Collected data Block Start

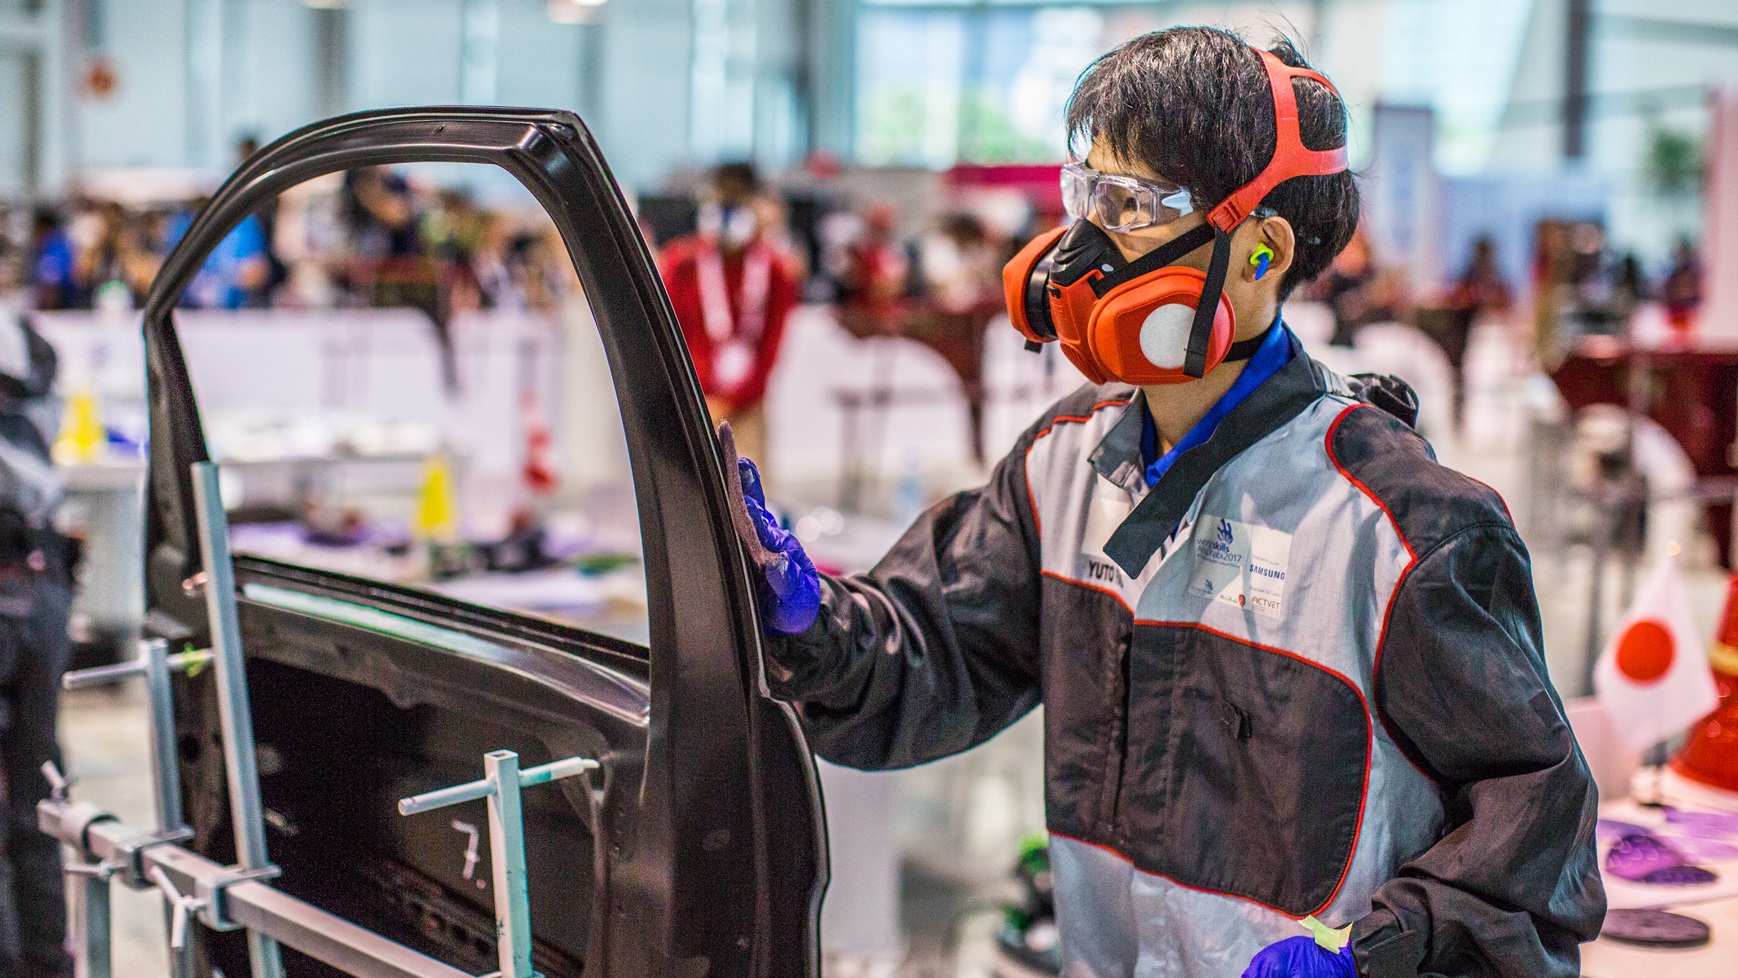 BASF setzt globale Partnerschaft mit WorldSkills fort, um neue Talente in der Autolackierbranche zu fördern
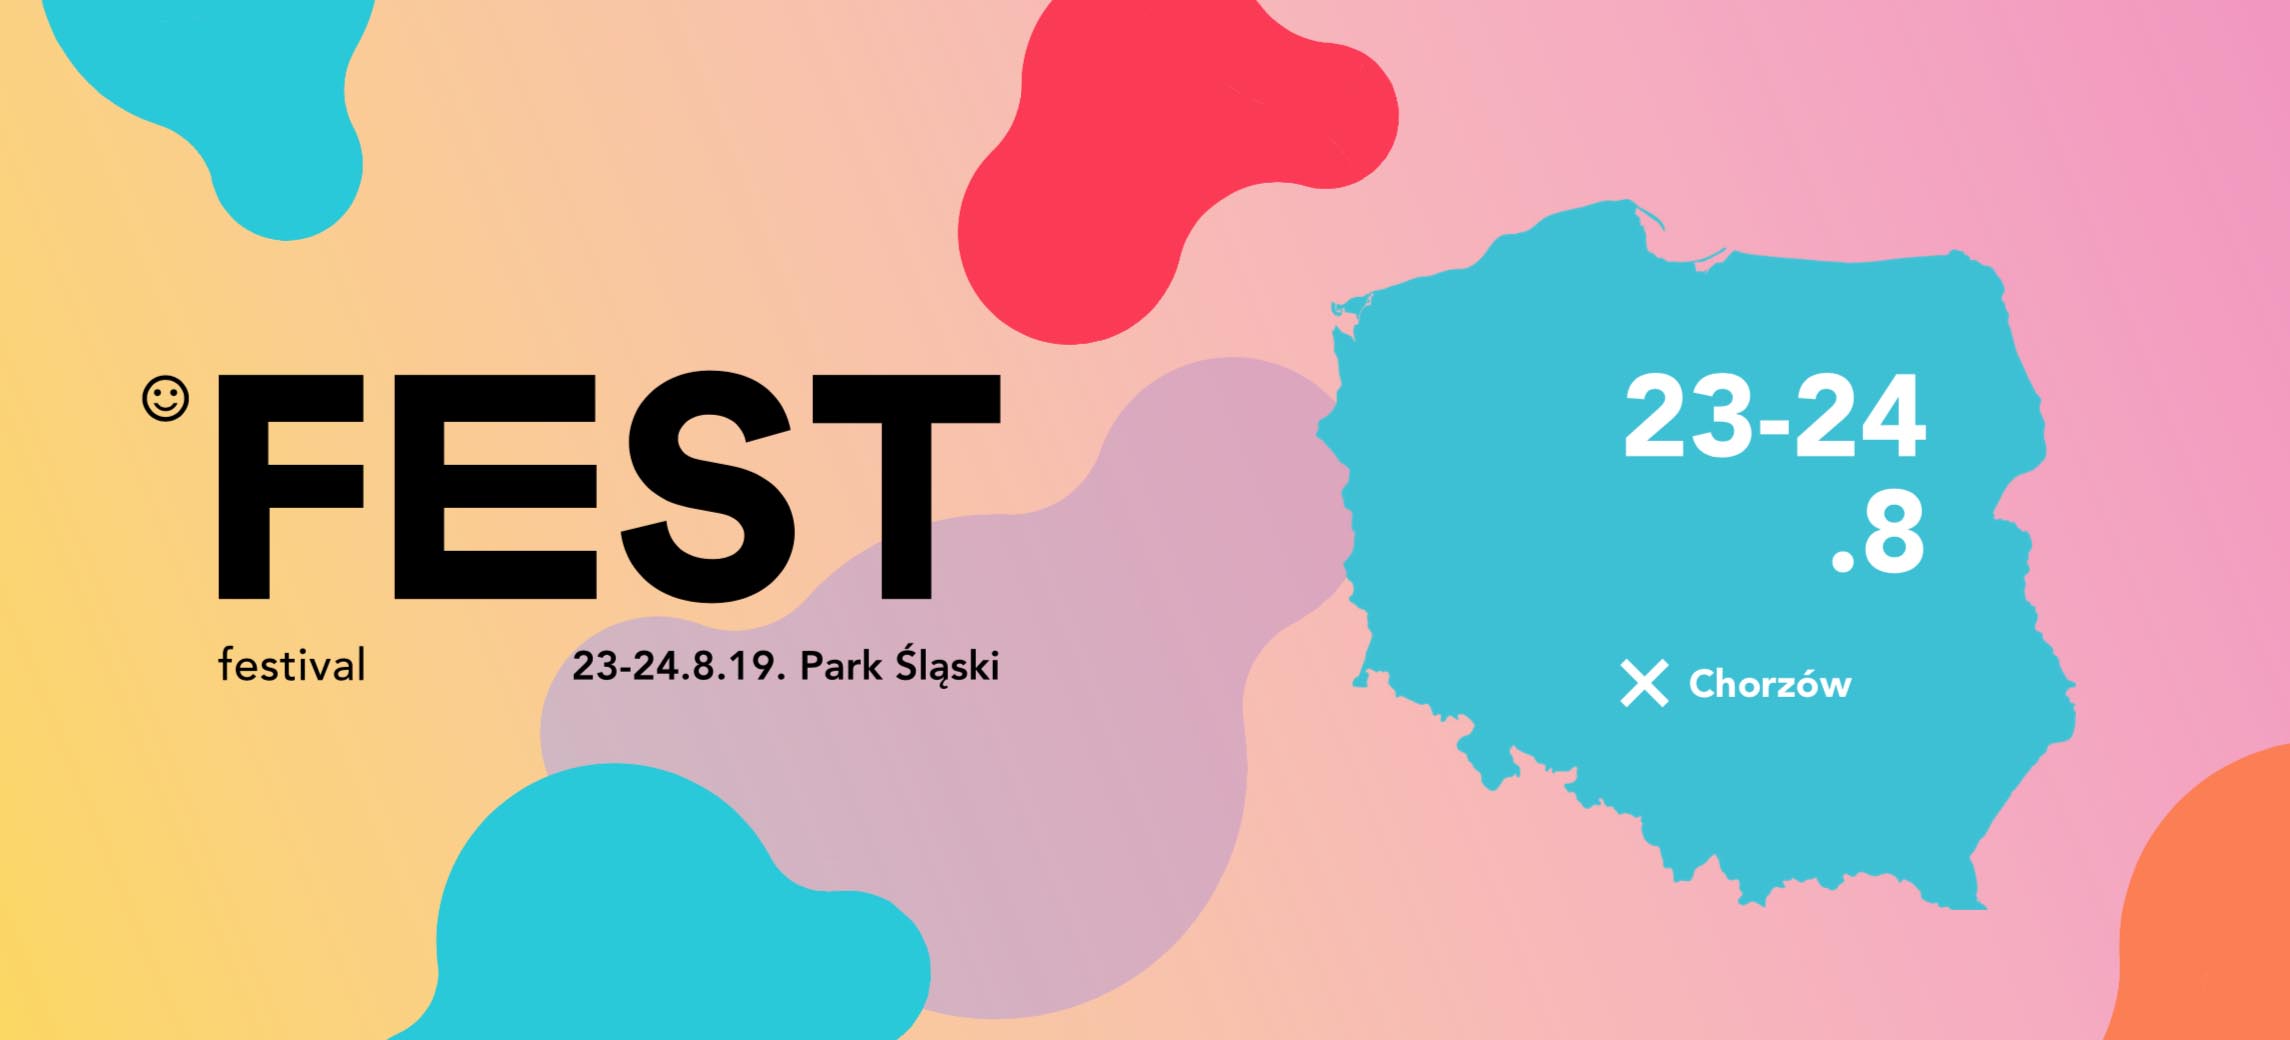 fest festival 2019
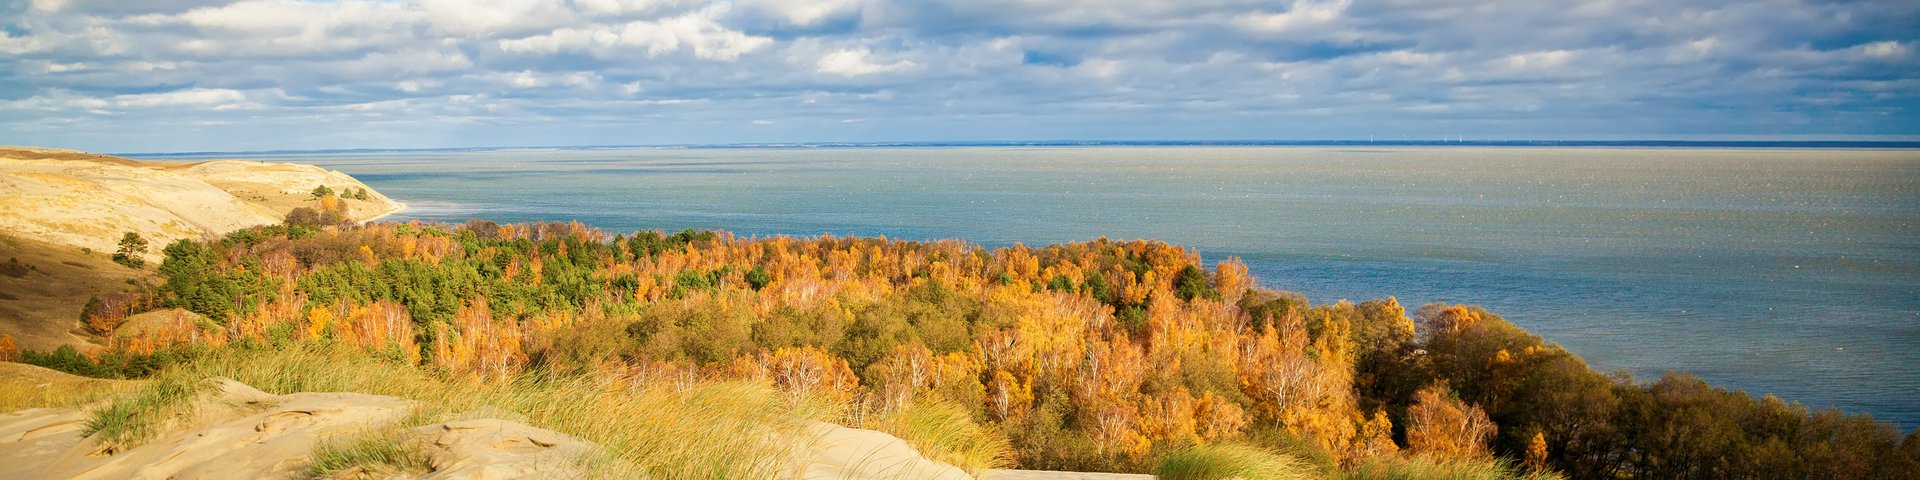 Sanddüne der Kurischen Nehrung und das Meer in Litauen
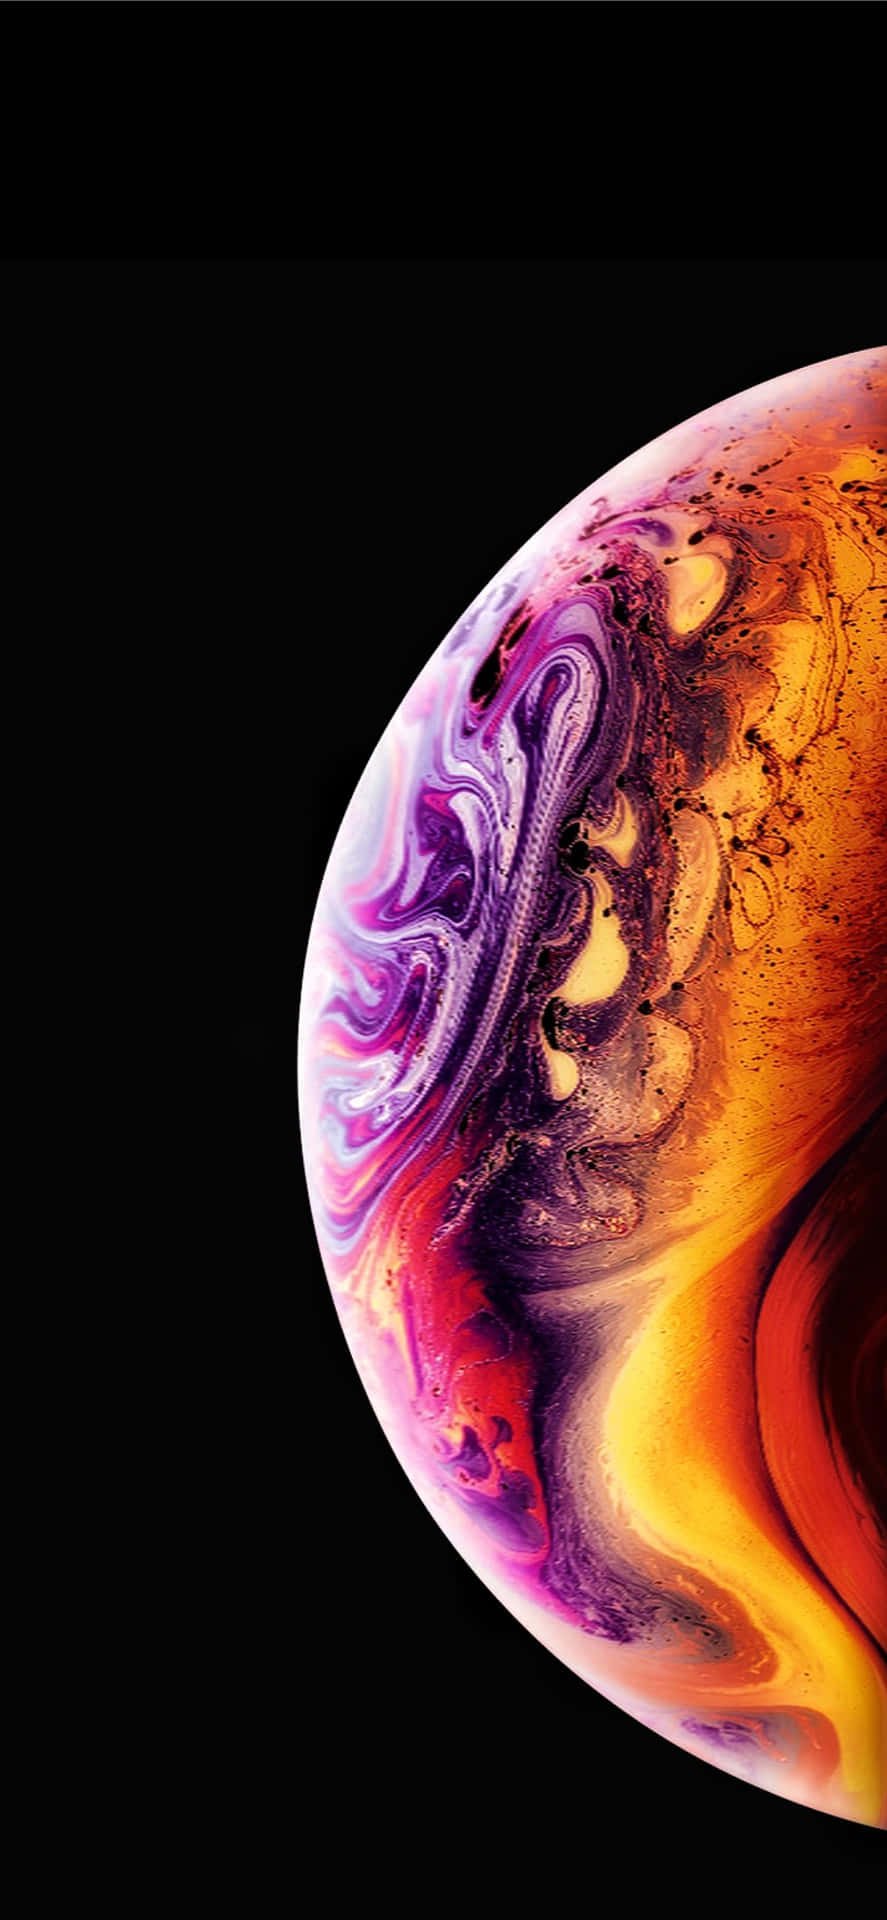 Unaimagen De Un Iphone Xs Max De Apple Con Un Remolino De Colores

Collected data Block End

Required action
The expected answer is the listing above, duplicated exactly, with its pictures removed.

Output
 BASF setzt globale Partnerschaft mit WorldSkills fort, um neue Talente in der Autolackierbranche zu fördern
 fest festival 2019
 Sanddüne der Kurischen Nehrung und das Meer in Litauen
 Unaimagen De Un Iphone Xs Max De Apple Con Un Remolino De Colores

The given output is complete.